I’m starting behind.

My mommy and daddy are not like theirs.

 

No bedtime stories

with silly questions

“What color is the ball?”

“What did the dog say?”

 

But this is kindergarten.

Labeling, identifying, putting the basics together

of a storybook that everyone,

except for me,

seems to recognize.

 

But my mommy and daddy talk to me like big kids,

like I’m a big kid.

 

I’m raised by their language,

that way of thinking.

Not just the curse words, the yelling, the verbal violence,

but the analyzing,

the contextualizing,

the mature execution of conversation.

 

I am five years old,

and I do not realize

my own literacy capabilities,

because this is kindergarten.

This is school, not home.

 

Teachers talk down to me,

Through body language, through inflection,

I am wrong.

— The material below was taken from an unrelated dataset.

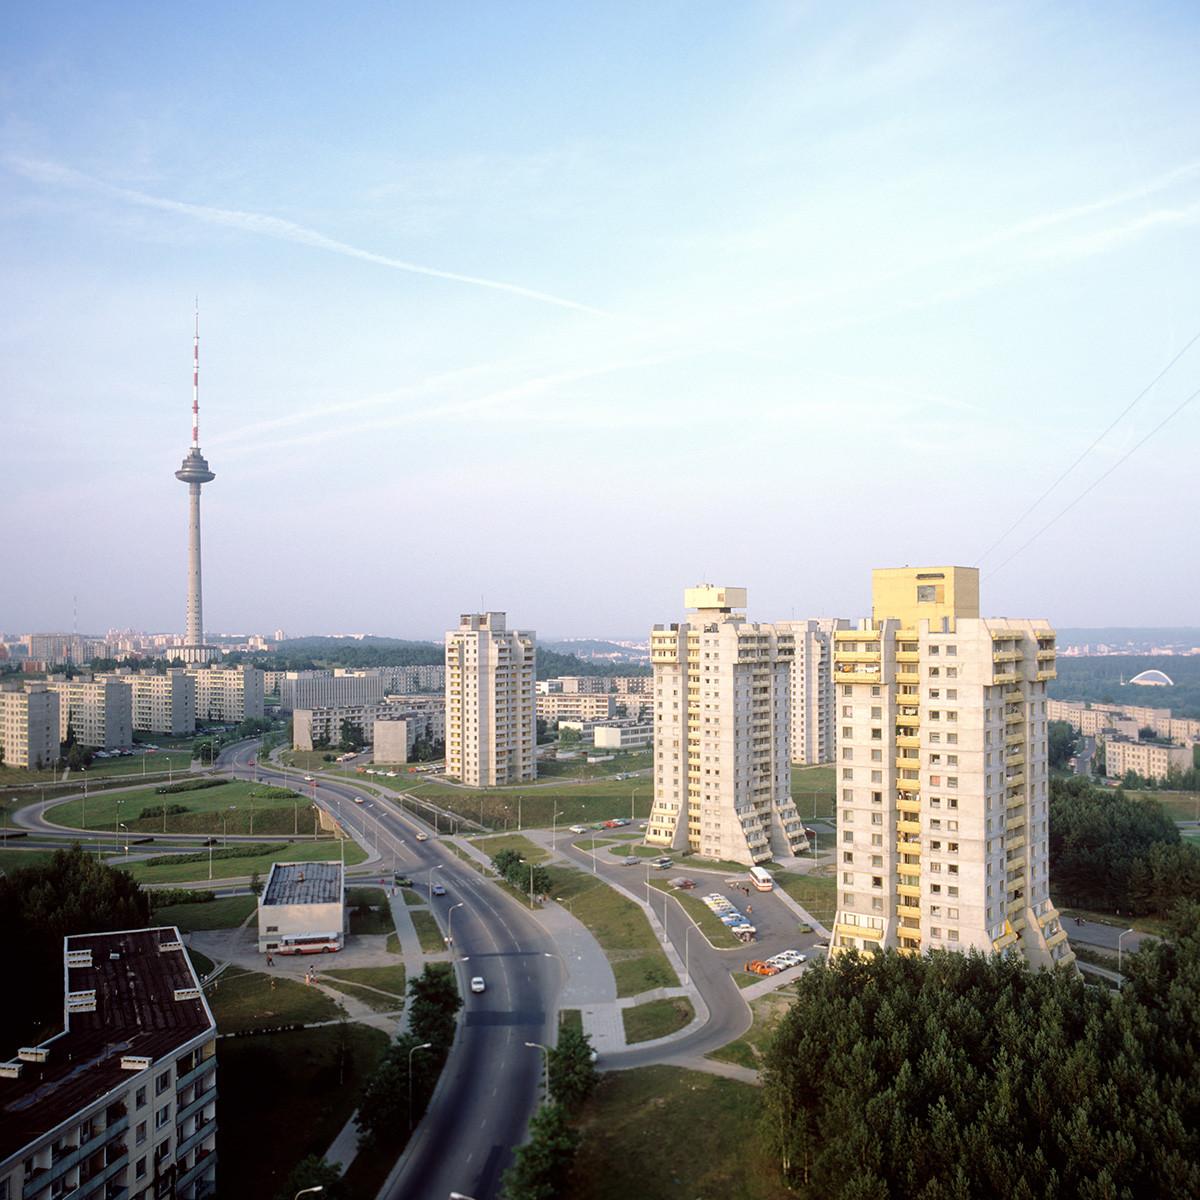 ヴィリニュスの新しい住宅街、1985年

I do not know the answers.

 

But what if my teachers

saw me like my parents do?

Talked to me like a big kid,

Realized my capabilities.

My social literacy,

My communicative skills,

My ability to decontextualize a piece of writing.

 

By fourth grade,

I will fit in.

That’s when they talk like big kids,

have a more developed social entity,

When they talk about reading like big kids.

I can’t wait!

 

Except,

I can’t make it that far.

I am failing kindergarten.

My mommy and daddy did not raise me

Preparing me for kindergarten language.

 

Can my teachers catch me up?

Can they teach me school language?

To stay on track,

To make it to fourth grade with my class?

 

I don’t actually know,

How important reading and literacy are

in schools.

Because I am only five.

 

But I hope my teachers do.

I hope they teach me how to read,

Like their mommies and daddies read to them.

So I do not become labeled

As a child who fails in academic language.

 

I am only five.

I may be poor.

I didn’t have many toys or story books growing up.

But I am smart.

 

I have my own special language skills,

That all my teachers should recognize, not ignore,

Or brush off,

Only to focus on the “right” way to read.

 

They should employ my skills in the classroom,

And integrate basic academic language,

Eventually,

To help me read like a kindergartener.